Valuable information for people facing possession proceedings

If you are in arrears with your rent, your landlord may seek possession of your home by issuing a summons against you. You will be given a hearing date, usually in your local County Court. You should attend the hearing.

The court will want to know how the arrears accrued and whether you will be in a position to clear the arrears within a reasonable period of time. You should take evidence with you that shows of any likely change in your financial circumstances such as an award of housing benefit, a new job,a wage increase.

The court will look at whether you will be able to pay the rent and an amount towards the rent arrears. If you are not able to pay off the arrears, the court could decide to issue an outright possession order that would specify a date on which you will have to leave your home. If you did not leave then, the landlord can issue a warrant for possession and a bailiff would call to evict you.

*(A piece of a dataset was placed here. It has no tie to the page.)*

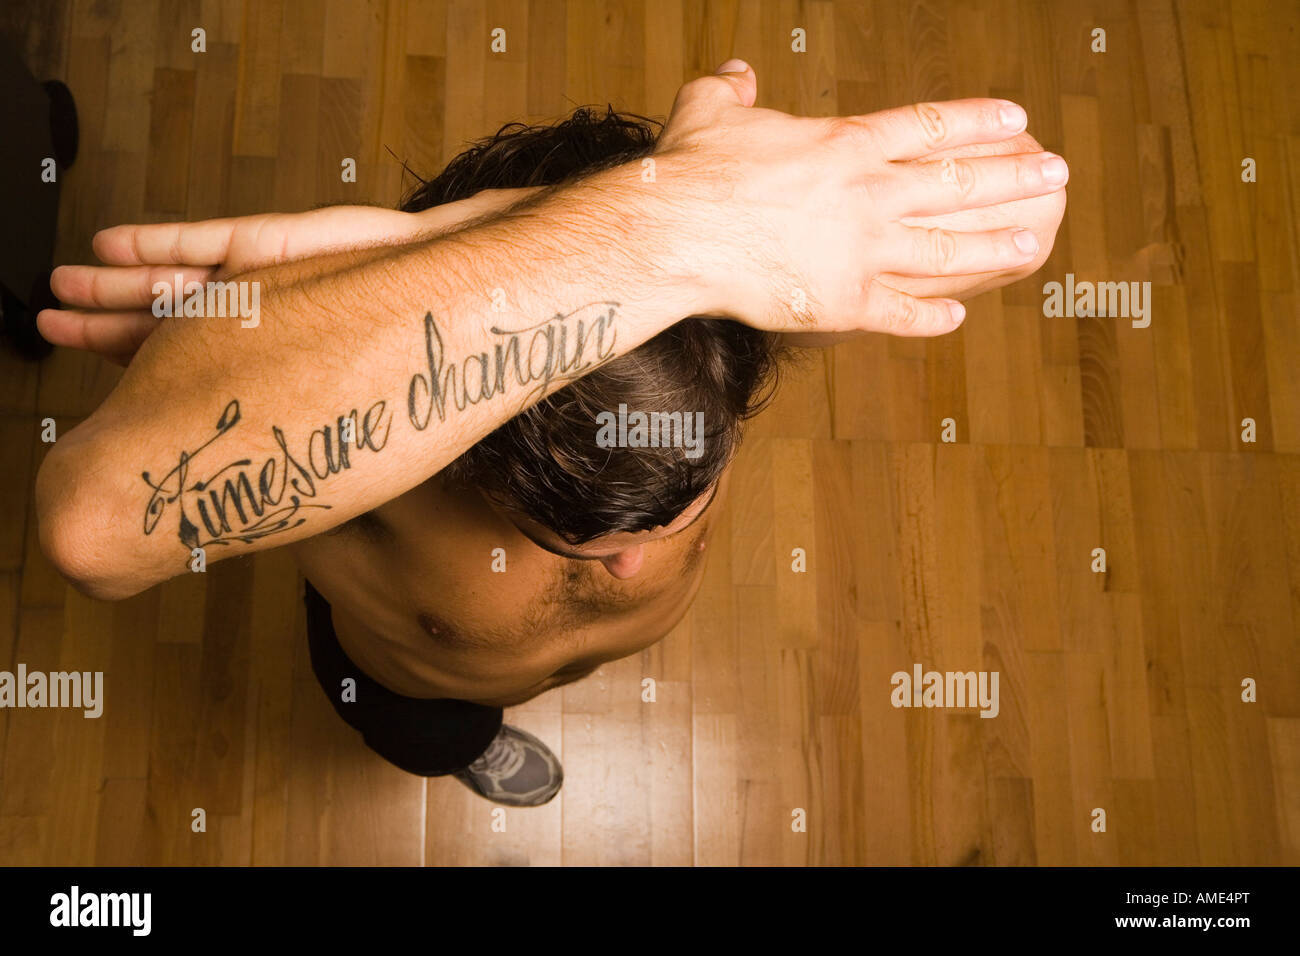 Mann unterarm tattoo Tattoo Ideen

The court can also make a suspended possession order which would let you stay in your home as long as you comply with the terms of the court order, usually that you pay the current rent plus a fixed amount off the rent arrears.

The court can also dismiss or adjourn the proceedings.

You will probably be liable to pay your landlord's costs if the court is satisfied that the landlord took appropriate action in issuing the proceedings. This can happen even if you pay off all the arrears before the hearing date.

You should always seek advice if a summons for possession has been issued or a warrant for your eviction has been issued.